The signed but undated fraktur shown in Plate I contains the glowing colors and ornate, fanciful motifs that strongly reflect both Susanna Heebner's Silesian heritage and the obvious pleasure she took in creating the work. Among her finest frakturs are three religious texts that are signed and dated on the back (Pls. III-V). Particularly beautiful is the copy of the Sommerlied (Summer Song) by the Pietist hymnist Paul Gerhardt (1607-1676), which begins "Go forth, my heart, and seek delight/In all the gifts of God's great might" (Pl. III).(7) Her religious text dated August 12, 1807 (Pl. V), here cited in part, praises the virtues of quietude:

How blessed is he who takes his pleasure in quietude and can forget the mouths that prattle, causing envy and hurtful jealousy, making true service insincere.
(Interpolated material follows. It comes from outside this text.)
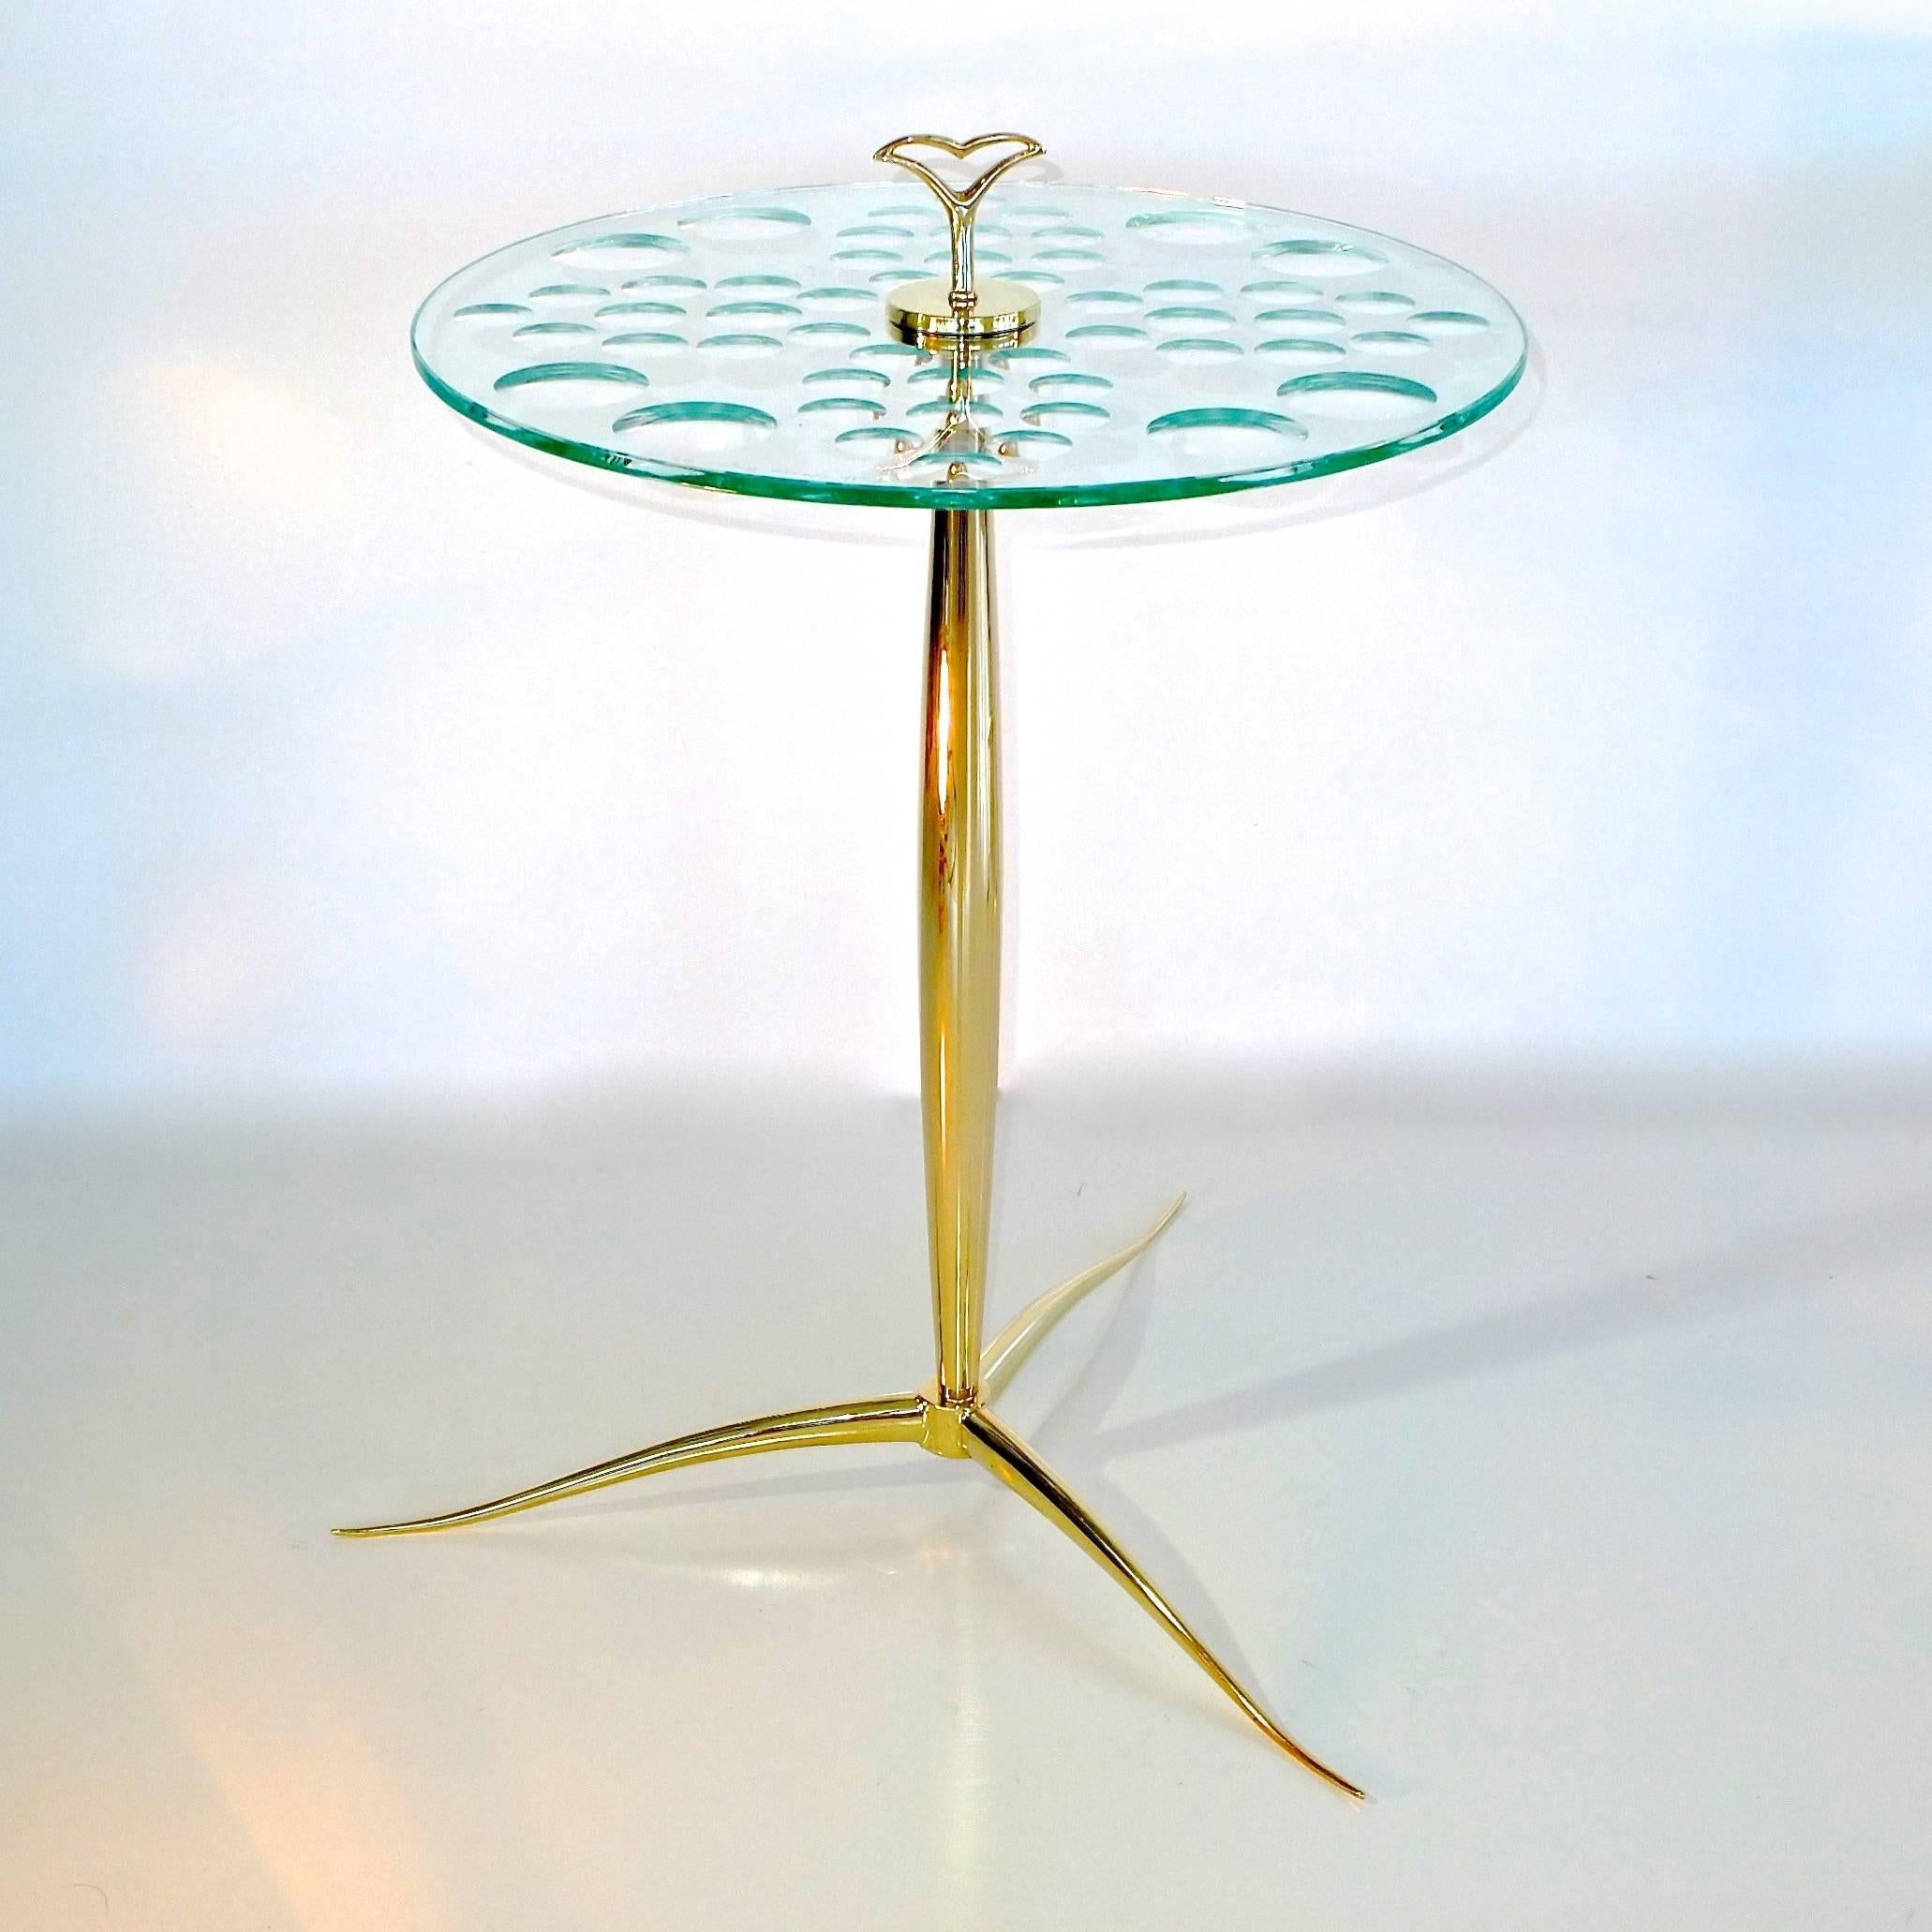 Exclusive limited edition (of two) occasional table custom crafted in the studio workshop of Beyond Gorgeosity, the Nonna table, our own new design created from selected vintage elements, marrying an elegant sinewy Italian solid brass tripod base
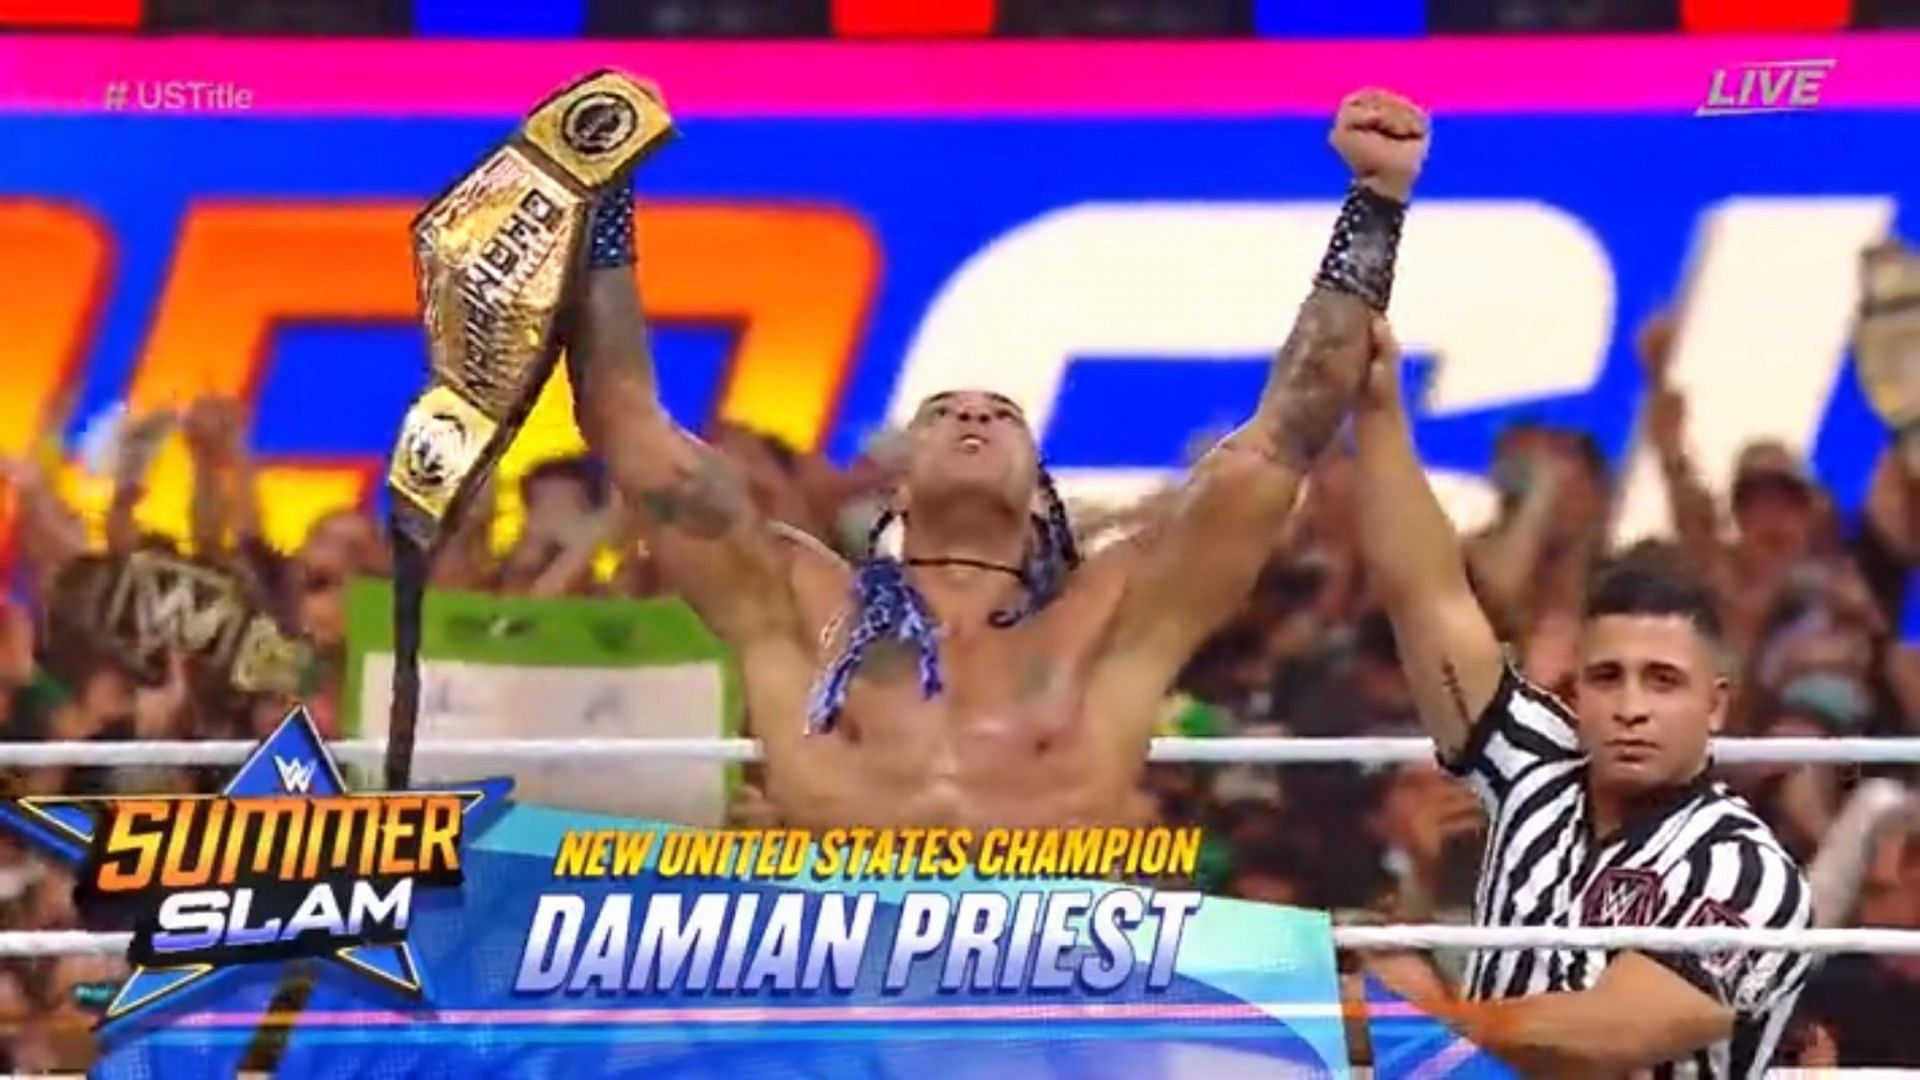 Damian Priest has been holding the United States Championship for months now

Quietude is my rest; I hear much and remain quiet with it all.(8)

The third illumination begins "Virtue is the adornment of youth and the treasure and crown of old age."(9) Delicate strapwork connects the letters of the top line, and at the bottom hearts sprouting flowers contain pious precepts (Pl. IV).

In 1808 she illuminated one religious text for each of her six nephews and nieces. These Vorschriften include the recipient's name in fraktur letters at the top and Biblical references containing the name. Hearts from which flowers bloom fill the corners and contain the precept "O noble heart, think of your end. Who knows how soon the walk will be finished."(10) For her nephew David she invoked David, the Biblical shepherd, and admonished him to serve only God. For her niece Debora she copied this verse from a hymn:

Flee the sin, love the virtue, make the beginning in your youth, keep on with it and do not desist from it until you are in your grave; and out of grace the Highest will give you eternal life.

For her niece Maria she adapted a verse from the Gospel according to Saint Luke: "Maria has chosen that good part, which shall not be taken away from her, says our Savior" (Pl. XI).(11) For her niece Susanna, the first and most embellished line of the fraktur reads "Susanna lifted her eyes toward heaven." On the frakturs for Jacob (Pl. VII) and Isaac the colorful initial letters are in the finest tradition of Schwenkfelder elaboration. For Abraham she wrote of the cedar trees that "stand exceedingly beautiful on the hills of Lebanon." Scalloped borders decorate the tops of the fraktur letters, and elaborate strap-work links them. There is exuberance in these pieces - a joy that is evident in the hearts, flowers, and little cedar trees that fill every available space. The large fraktur letters are colored in red, yellow, brown, and blue, while the distinctive German cursive writing in the lower sections is rendered alternately in red and brown ink.